Government scraps approval committee for import of planes
Aviation regulator, the DGCA, will now carry out the necessary formalities for airlines and other operators.
New Delhi: The Civil Aviation Ministry on Thursday abolished the Aircraft Acquisition Committee (AAC), which used to permit import of planes by airlines and other operators, thus doing away with time-consuming procedures that affected the companies.
Instead of the AAC, now on aviation regulator the DGCA would carry out the necessary formalities for airlines, private parties and flight training schools to get their fleet of planes or helicopters, an official spokesperson said in New Delhi. He said the Ministry has done away with its control over aircraft acquisition by scheduled and non-scheduled operators, private operators and flying training institutes.

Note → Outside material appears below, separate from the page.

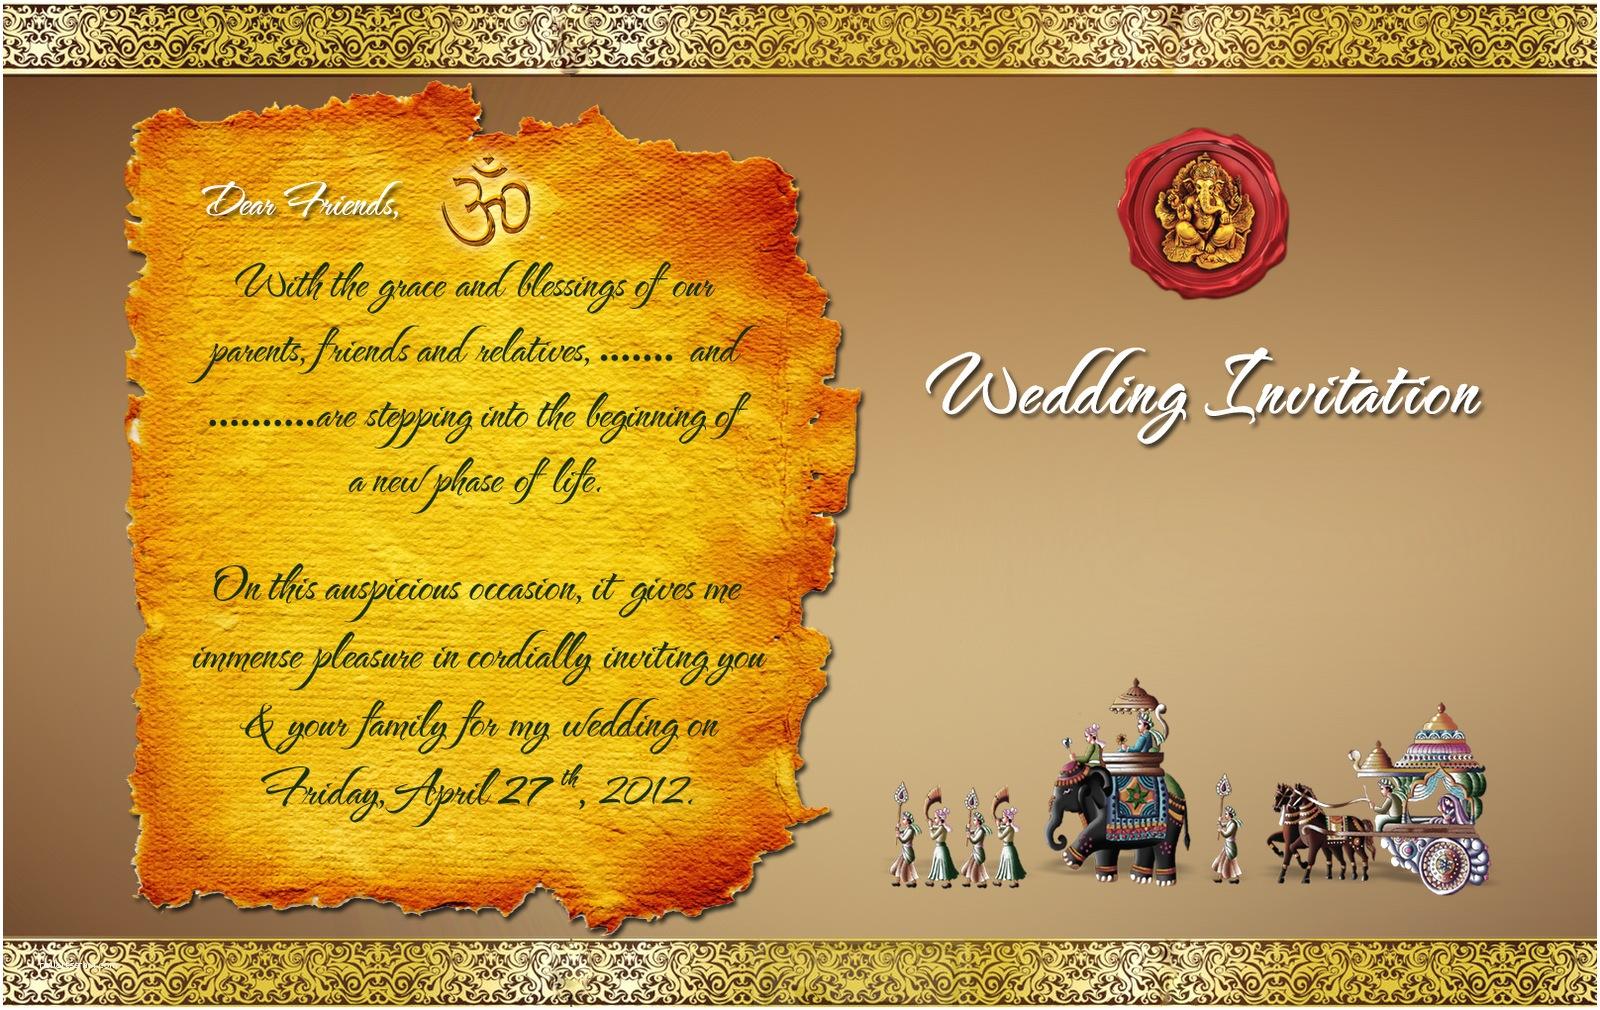 Indian Wedding Invitation Designs Free Download Indian Wedding Card Design Psd Files Free Wedding

"The permission for actual induction of aircraft will no longer be required from Ministry of Civil Aviation," he said. The AAC was abolished as it was "no more relevant". Matters relating to initial no-objection certificate (NOC) and in-principle approval for acquisition of aircraft by scheduled operators would now be processed by the DGCA, the spokesperson added.
Henceforth, only the initial NOC to launch scheduled or non-scheduled air transport services and in-principle approval for acquisition of aircraft would be required from the Ministry, as part of the requirements under the Aircraft Rules and RBI guidelines, he said. In the recent past, airlines had started objecting to the delays in the meetings of the AAC to clear their aircraft orders, saying this adversely affected their commercial decisions to acquire and fly new planes and, hence, profitability.

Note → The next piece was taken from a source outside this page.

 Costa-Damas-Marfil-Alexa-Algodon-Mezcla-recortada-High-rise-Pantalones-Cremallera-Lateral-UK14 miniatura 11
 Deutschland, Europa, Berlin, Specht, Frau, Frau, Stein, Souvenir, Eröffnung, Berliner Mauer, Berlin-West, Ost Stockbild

It was only in October, 2012 that Civil Aviation Minister Ajit Singh had constituted a new AAC under the Ministry to consider, examine and make recommendations on all proposals for permitting import or acquisition of aircraft for various purposes.
An official statement later said the abolition of the AAC "will remove duplication and also reduce delays in seeking approval and do away with the cumbersome procedure which airlines have to follow before acquisition of aircraft.

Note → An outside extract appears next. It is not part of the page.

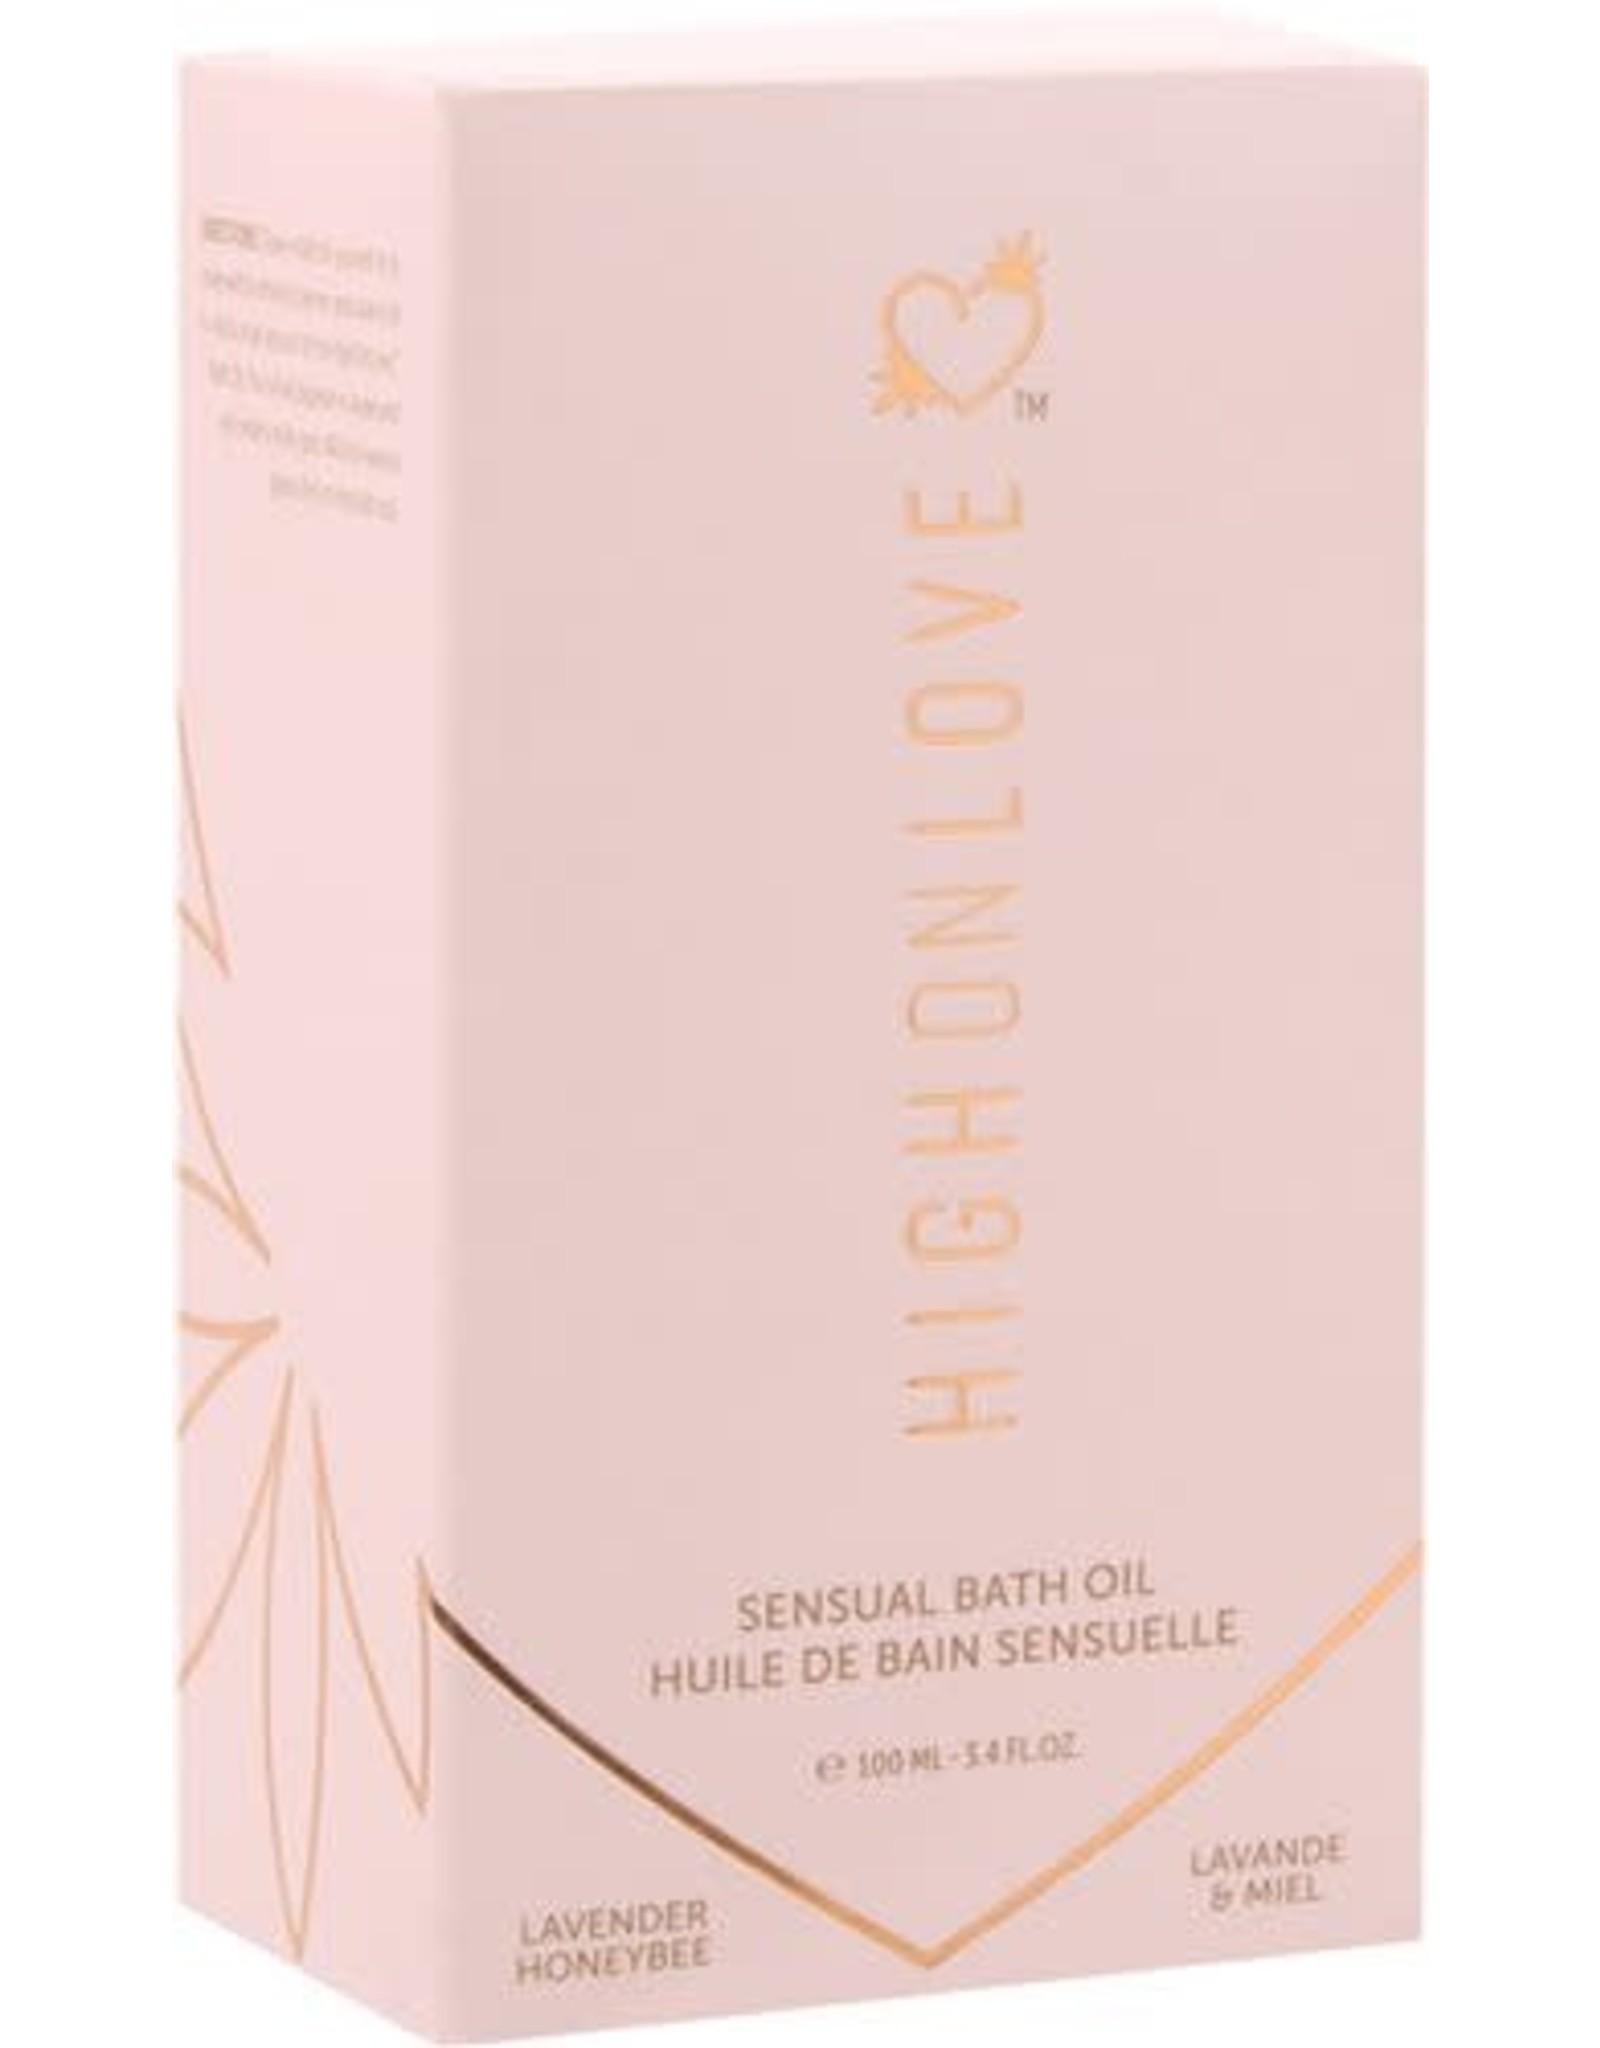 High On Love High On Love Sensual Bath Oil Lavender/Honeybee 3.4oz

"The decision will help airlines to plan better for future induction of aircraft and also maintain timeliness of acquisition," it said. Between December 2011 and March 2013, the AAC had approved the acquisition of a total of 146 planes, including 35 each for IndiGo and Jet Airways-JetLite combine.
The spokesperson said the decision to abolish the AAC was yet another step towards liberalisation in the civil aviation sector after allowing 49 per cent FDI in airlines.